A while back I had a beer with a marathon runner. He had lost his leg in a motorbike accident and what would make most people shrivel up under the bedsheets and bemoan their potential invalidity didn’t stop him from sucking it up and just getting on with his life.

He told me that after running for tons of hours it was his ‘good’ leg that ached and gave him gyp. His lost limb, as you’d expect, didn’t give him any problems at all.
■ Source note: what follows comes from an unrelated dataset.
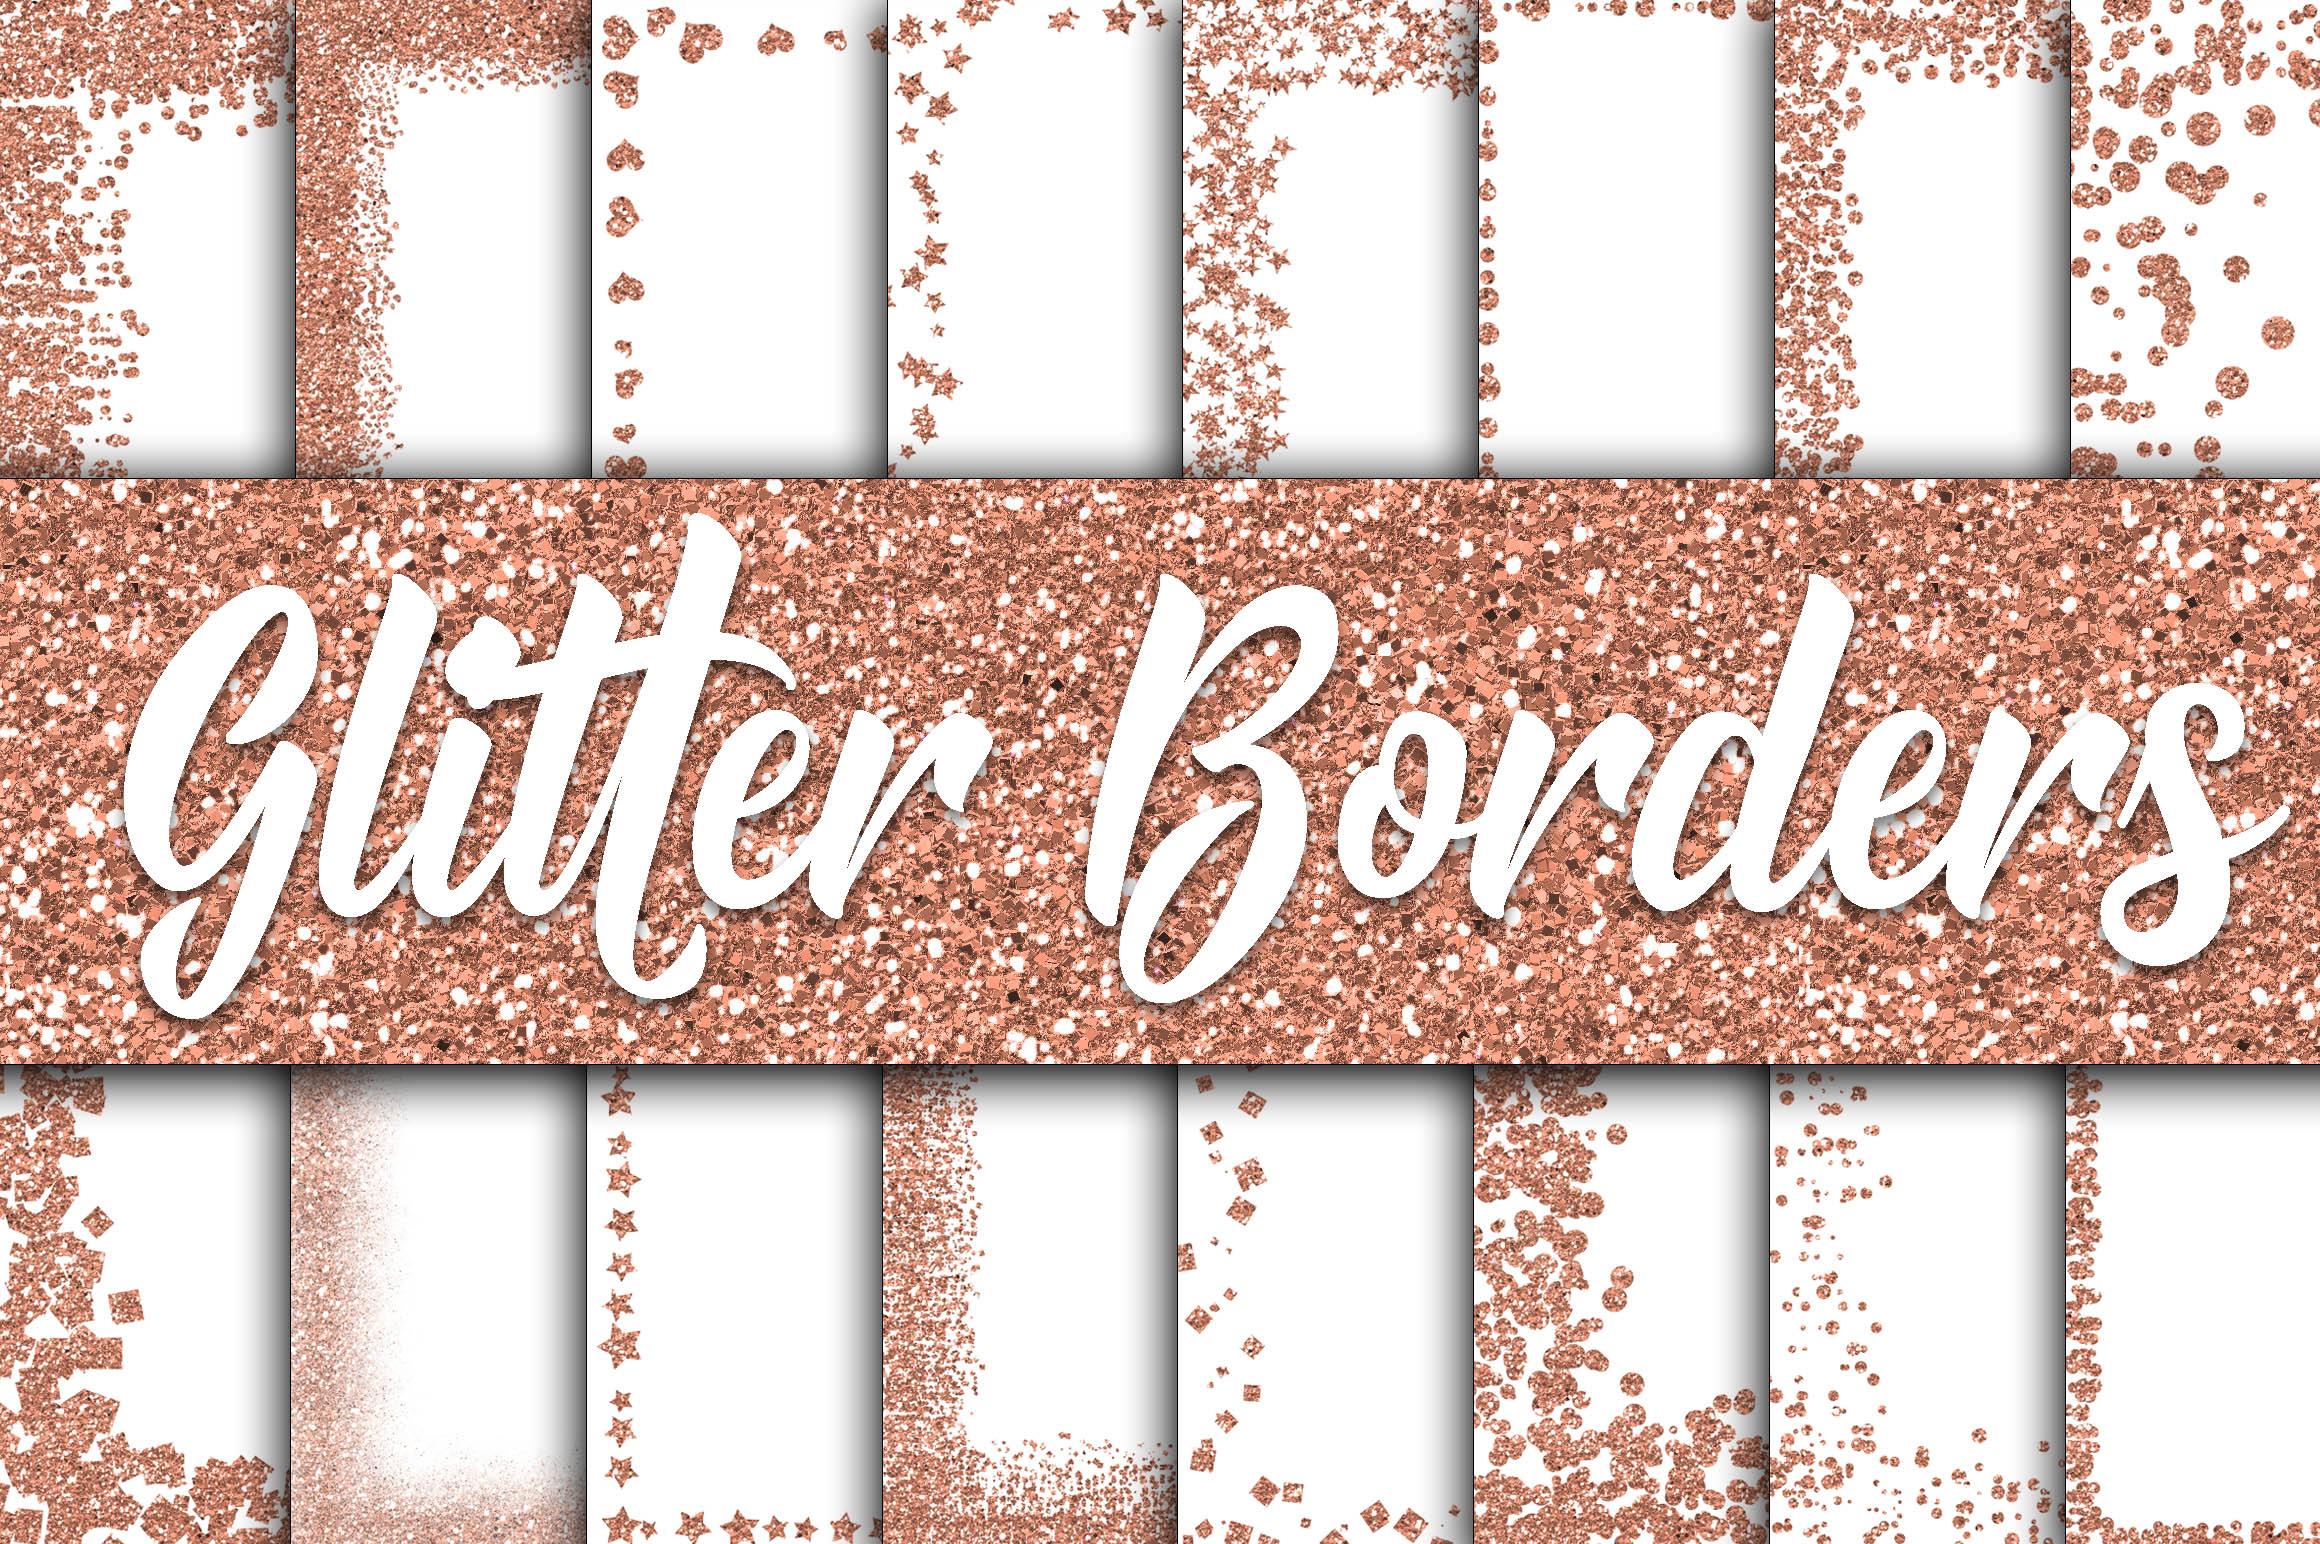 Rose Gold Glitter Borders Digital Paper example image 1

He even mentioned that it would be a lot easier if he had two prosthetics instead of only the one.

Kind of casts doubt over the expression: If it ain’t broke, don’t fix it.

According to all the sci-fi flicks we’ll soon be replacing our ears with mobile phones and iPods, exchanging our eyeballs for digital thingies that can upload holiday snaps to Facebook and zoom in like Superman’s, and chopping off our arms so they can be replaced with bionic ones. And when all this ramps up we’ll be jostling for mega-legs that run faster, jump higher and turn footballs into cannonballs.

A couple of years back the Olympic committee didn’t want SA’s Ozzie Pistorius to compete with the norms, saying his blades gave him an unfair advantage. So it only seems logical that in a few decades’ time it’ll be the Paralympians that break all the records.

But the Paralympics is about more than sporting achievement, and in my mind is more important than the regular/normal/ordinary/boring Olympics. The Paralympics has the power to inspire not just the disabled, but every one of us. In fact, it should make the rest of us feel shame for every time we gripe about the weather or our boss or anything for that matter.

The boring Olympics might highlight the physical triumphs of exceptional men and women, but the Paralympics does more – it showcases the triumphs of the spirit, and the strength of the soul.